Around this time last year, Chintan Joshi was co-heading Nomura’s banks equity research unit. After the bank closed its cash equities business in April 2016 he joined Mediobanca for a brief eight-month stint. Now, after three months out, he’s leapt across to the buy-side.
Joshi is now senior equity analyst at Abaco Asset Management, a $1bn hedge fund that primarily invests in European financial stocks. This is his sweet spot – he previously co-headed the banks research within Nomura’s now defunct European equity research team, and led its coverage of UK banks.

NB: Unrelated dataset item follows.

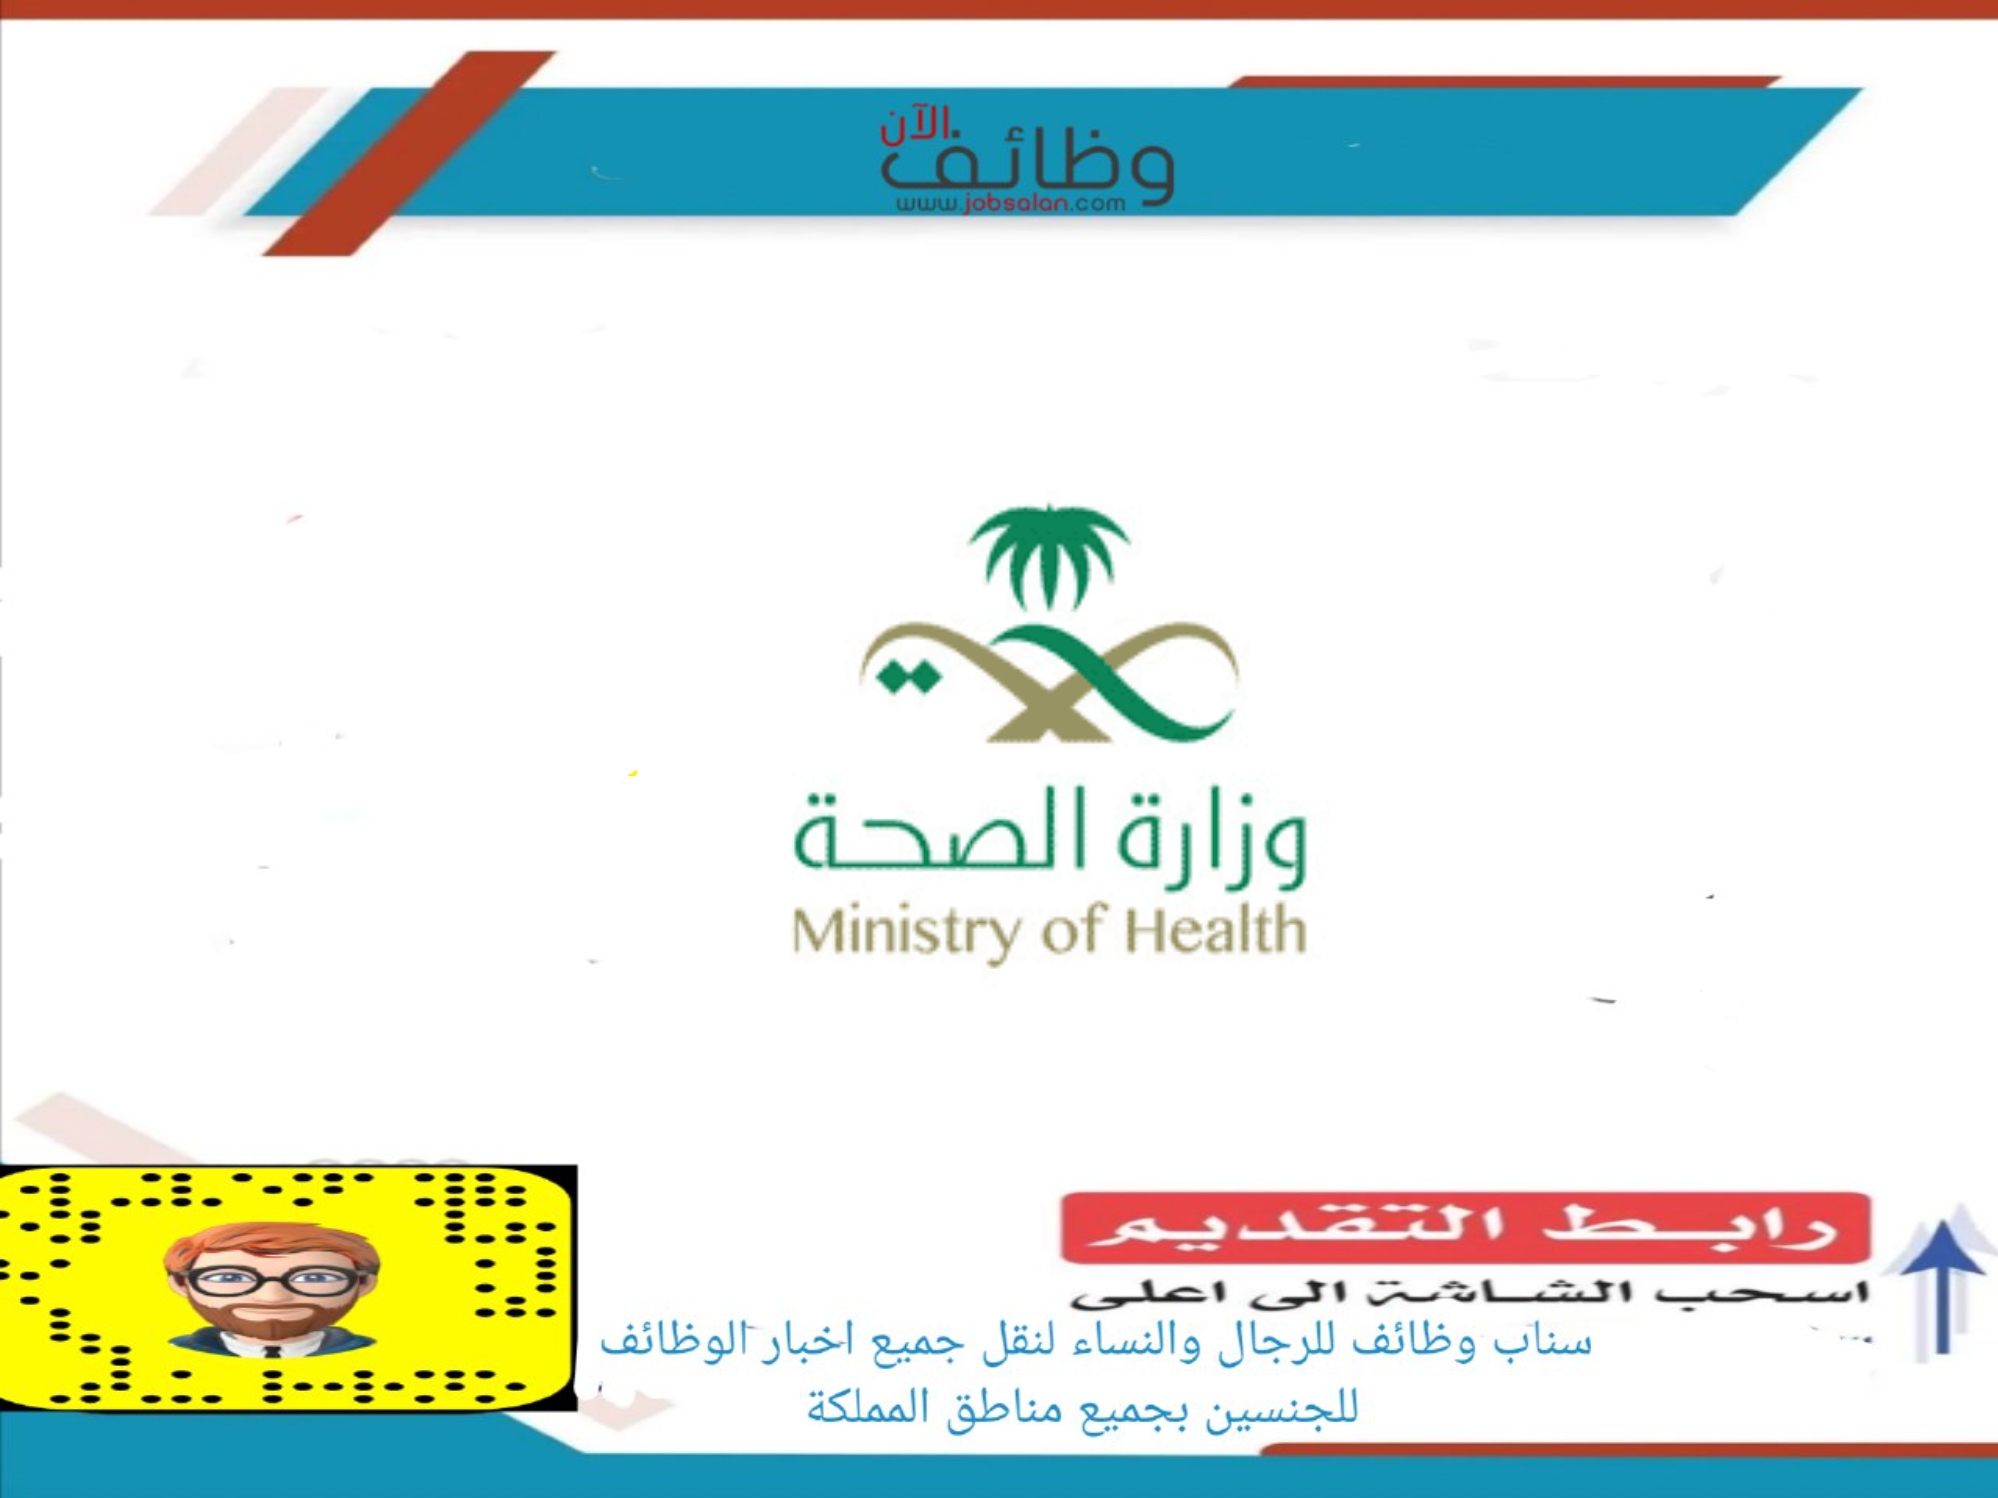 وزارة الصحة - اسماء المرشحين والمرشحات لوظائف الأخصائيين غير الأطباء والصيادلة في وزارة الصحة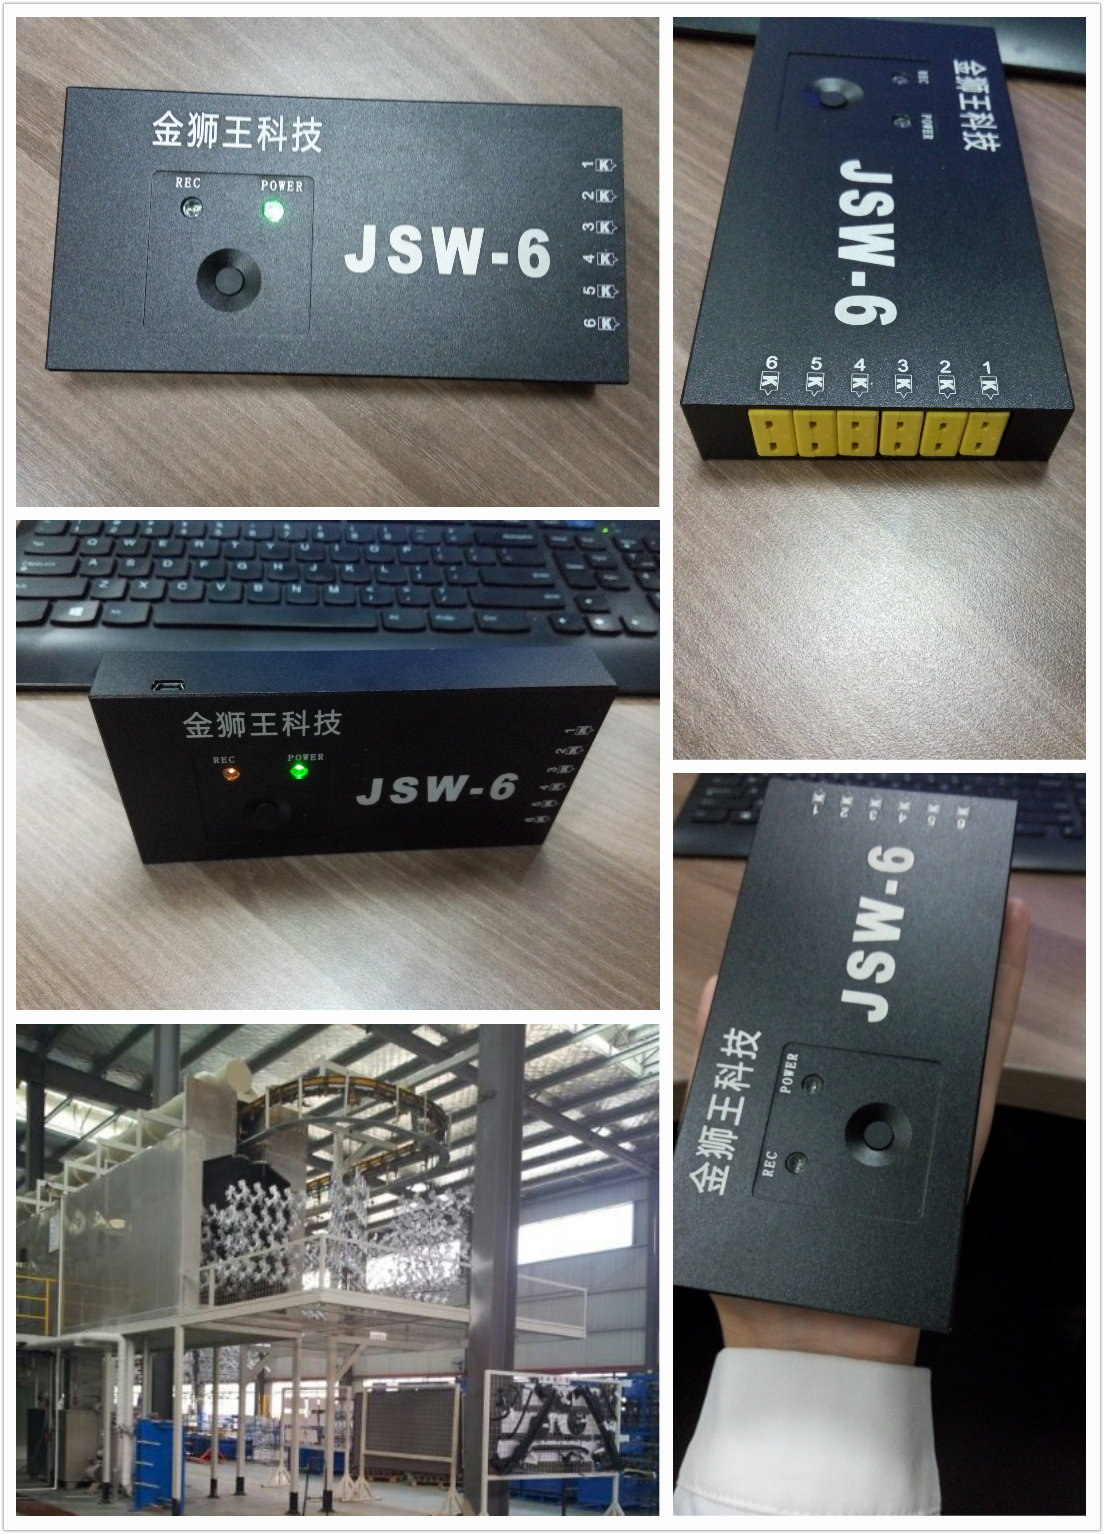 JSW炉温测试仪主要用在哪些地方应用

As we reported previously, after Nomura’s sudden closure of its European cash equities business, Joshi landed a role as an equity researcher on UK and European banks at Mediobanca, but the role lasted just 8 months. Before this, he spent close to eight years at the Japanese bank, having moved across from Lehman Brothers following Nomura’s acquisition of its European business in the immediate aftermath of the 2008 financial crisis.
Abaco is a small outfit in the UK – it has just six employees registered with the Financial Conduct Authority. It paid its investment management staff £4.4m, according to the Pillar 3 disclosure in its 2016 accounts released in April. Its highest paid partner received £1.2m.
As well as Joshi, Abaco hired Gary Lee, an analyst at KBW focused on UK insurance, as an analyst in June.
Joshi is one of the few highly-regarded analysts within Nomura’s disbanded equity research team to make the move to the buy-side.
Jon Peace, the other co-head of equity research at Nomura, joined Credit Suisse as a managing director covering investment banks and French banks. David Hayes, who focused on consumer goods at Nomura, joined Bank of America Merrill Lynch as a managing director.
Joshi’s move across to the buy-side may prove to be wise. Investment banks are under increasing pressure to improve their research output as MiFID II regulation requires them to ‘unbundle’ costs from other trading charges.
Most banks have been willing to hire top-ranked analysts – although this status is no guarantee of employability – and recent studies suggest that maintaining large research teams covering multiple sectors is increasingly unsustainable.
Quinlan Associates, the consultancy set up by the former head of equities strategy for Asia-Pacific Benjamin Quinlan, released research last week suggesting that large investment banks’ research teams could lose $240m by 2020, and that it would be increasingly difficult to justify maintaining large in-house teams.